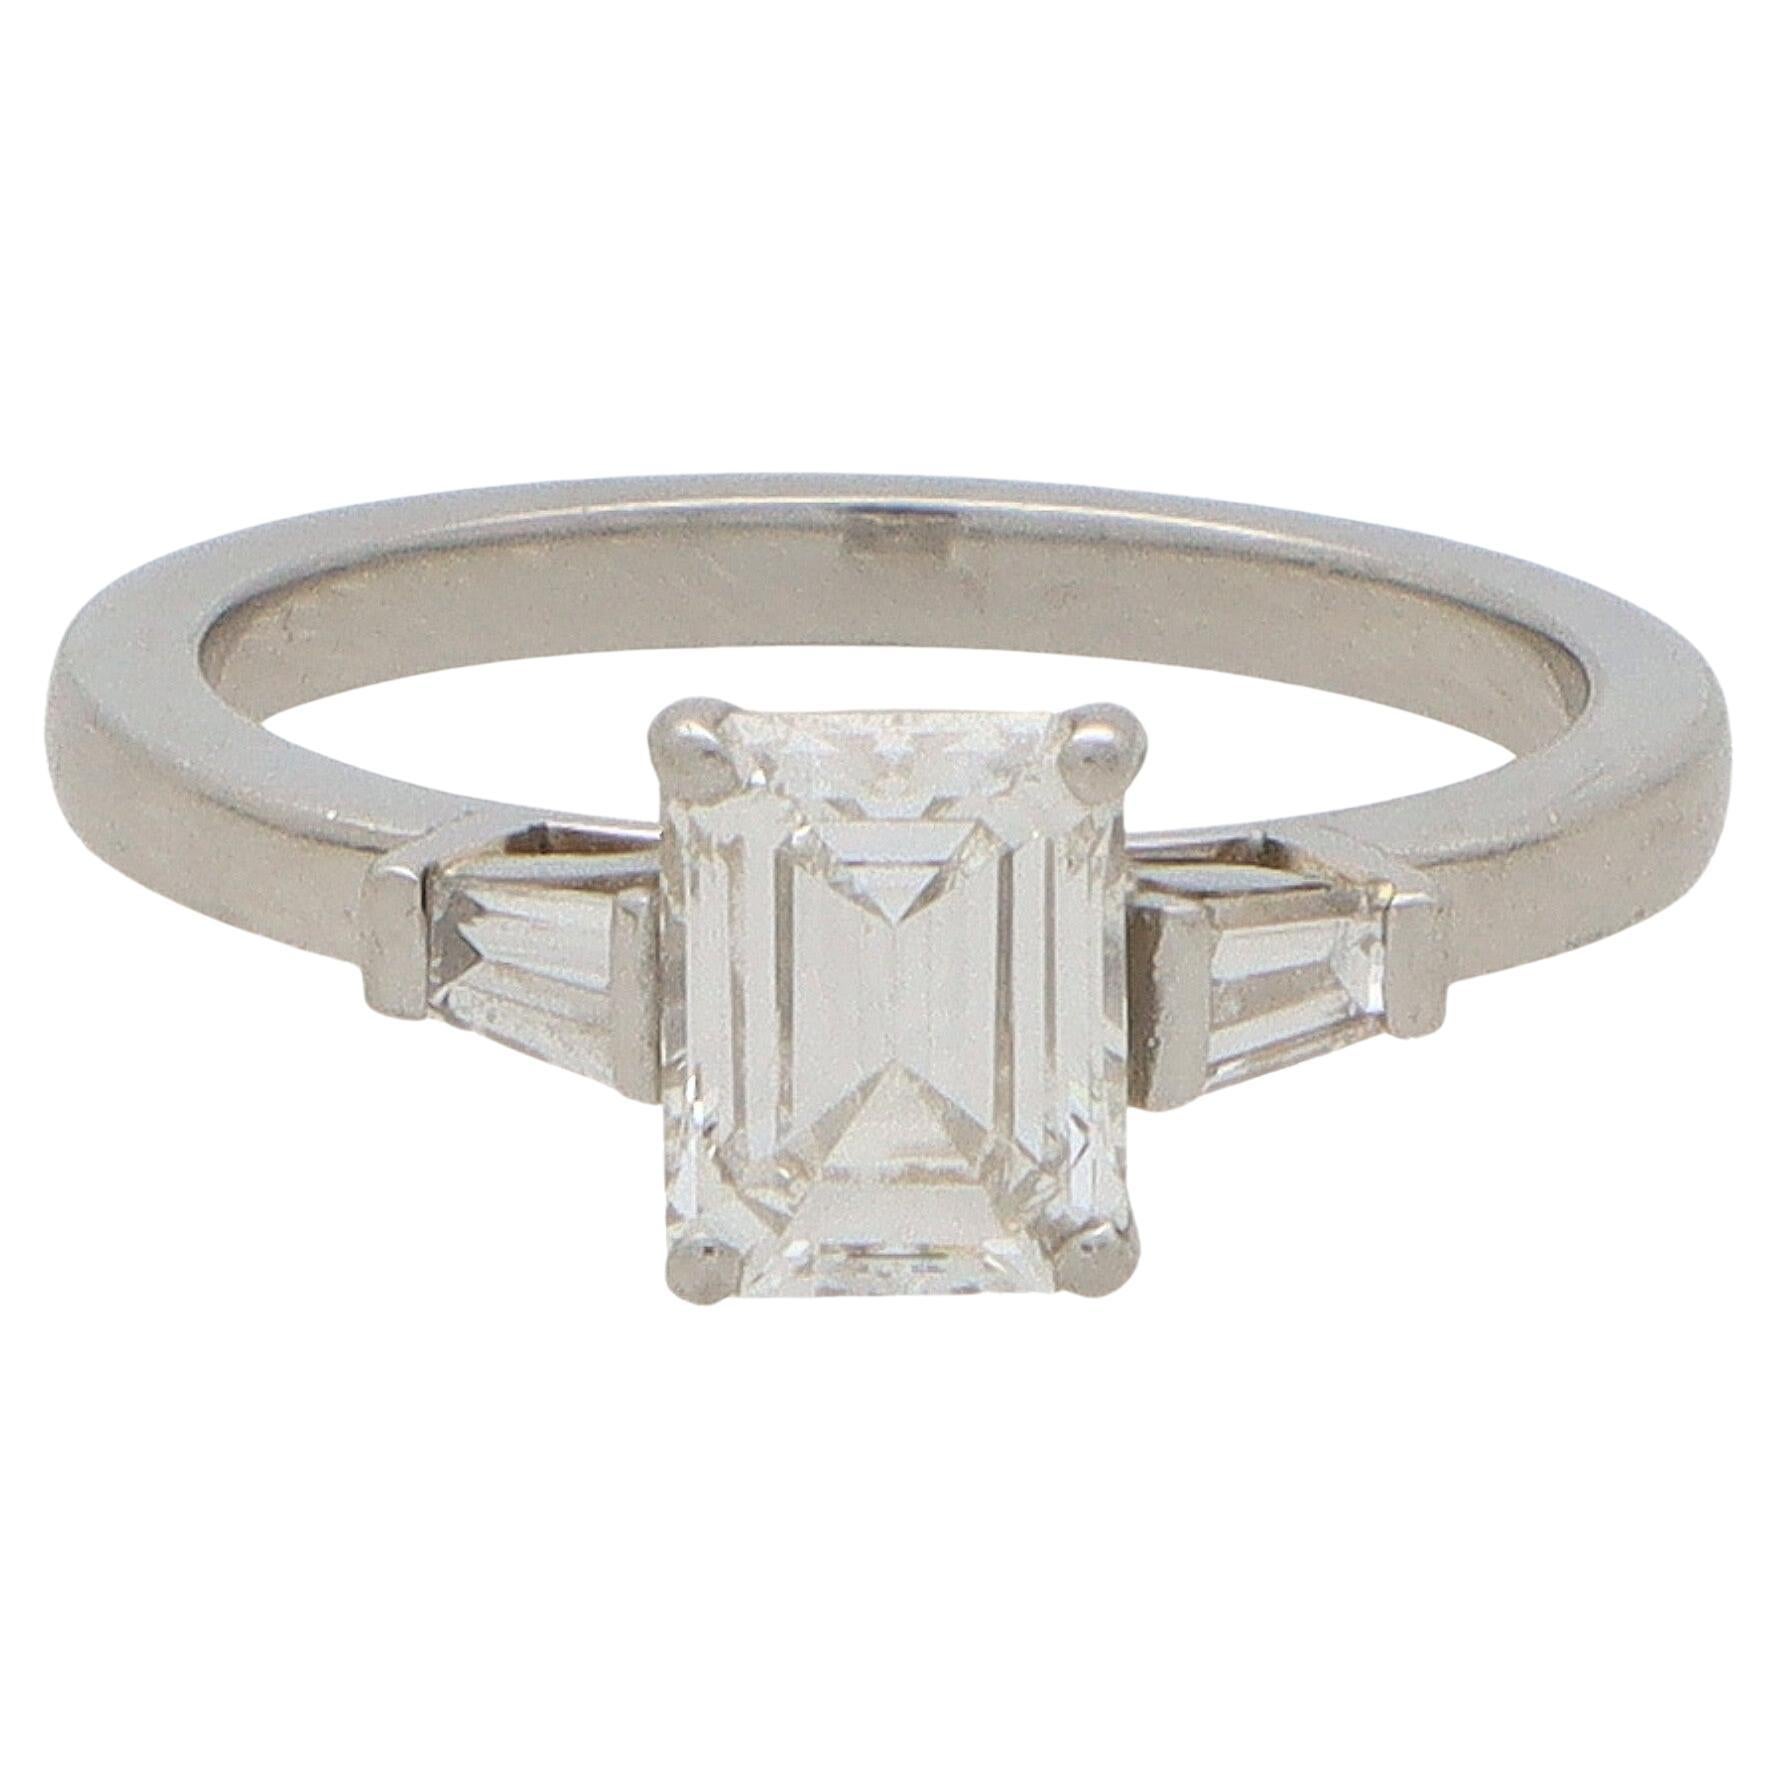 Certified Vintage Emerald Cut Diamond Ring Set in Platinum
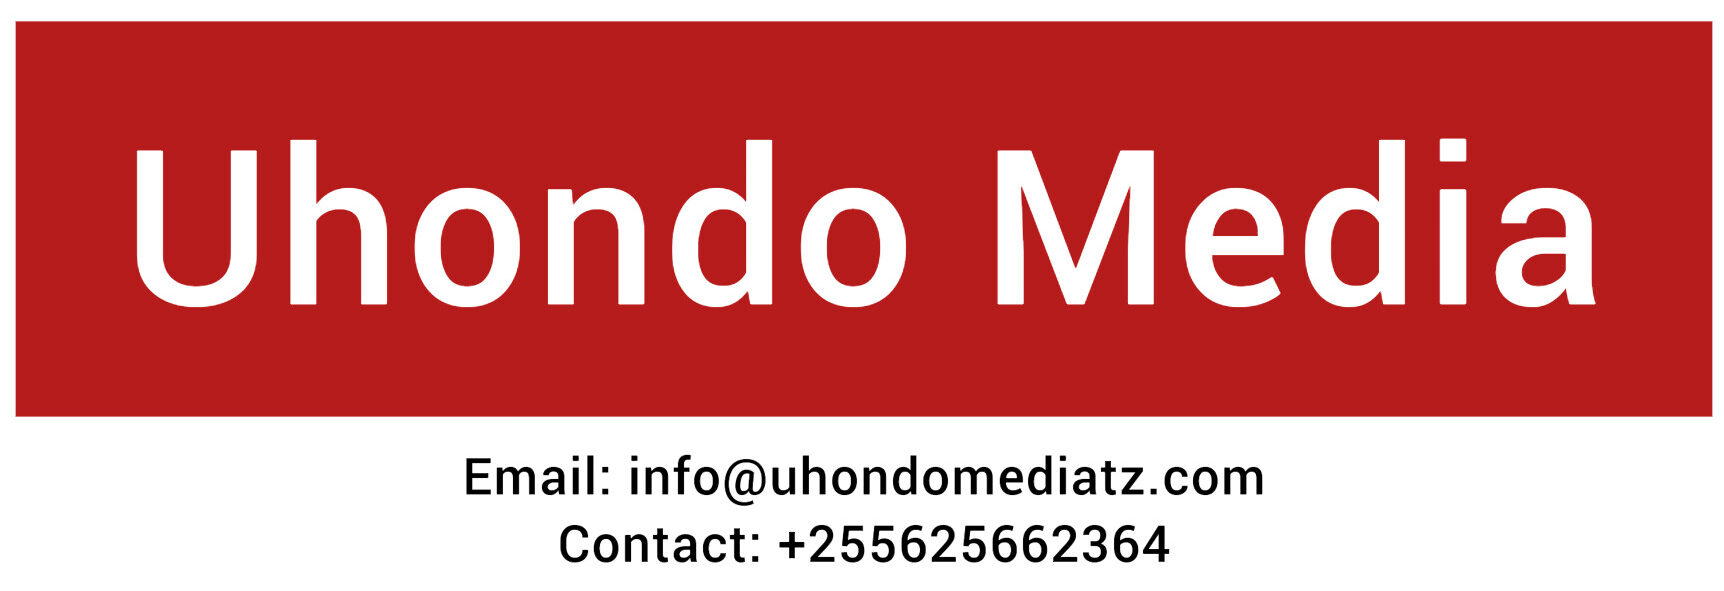 Uhondo Media
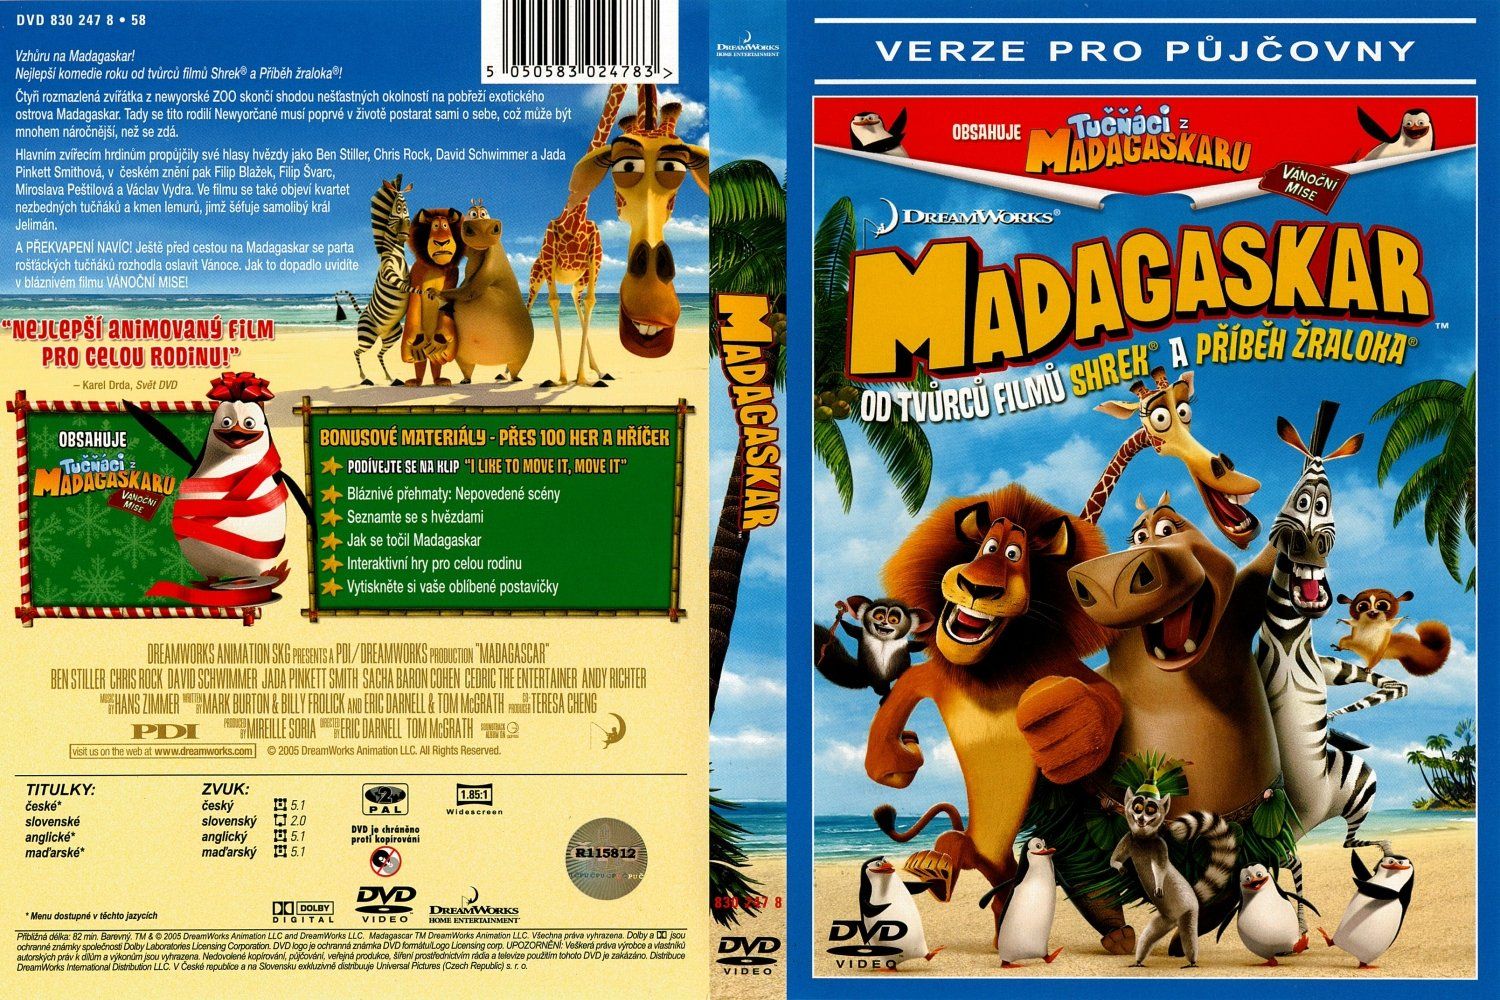 Madagascar Dvd Cz Dvd Covers Cover Century Over 500 000 Album Art Covers For Free

• _About this task_
Set down the data exactly as it appears, without any images.

• _Solution_
 Certified Vintage Emerald Cut Diamond Ring Set in Platinum
 Uhondo Media
 Madagascar Dvd Cz Dvd Covers Cover Century Over 500 000 Album Art Covers For Free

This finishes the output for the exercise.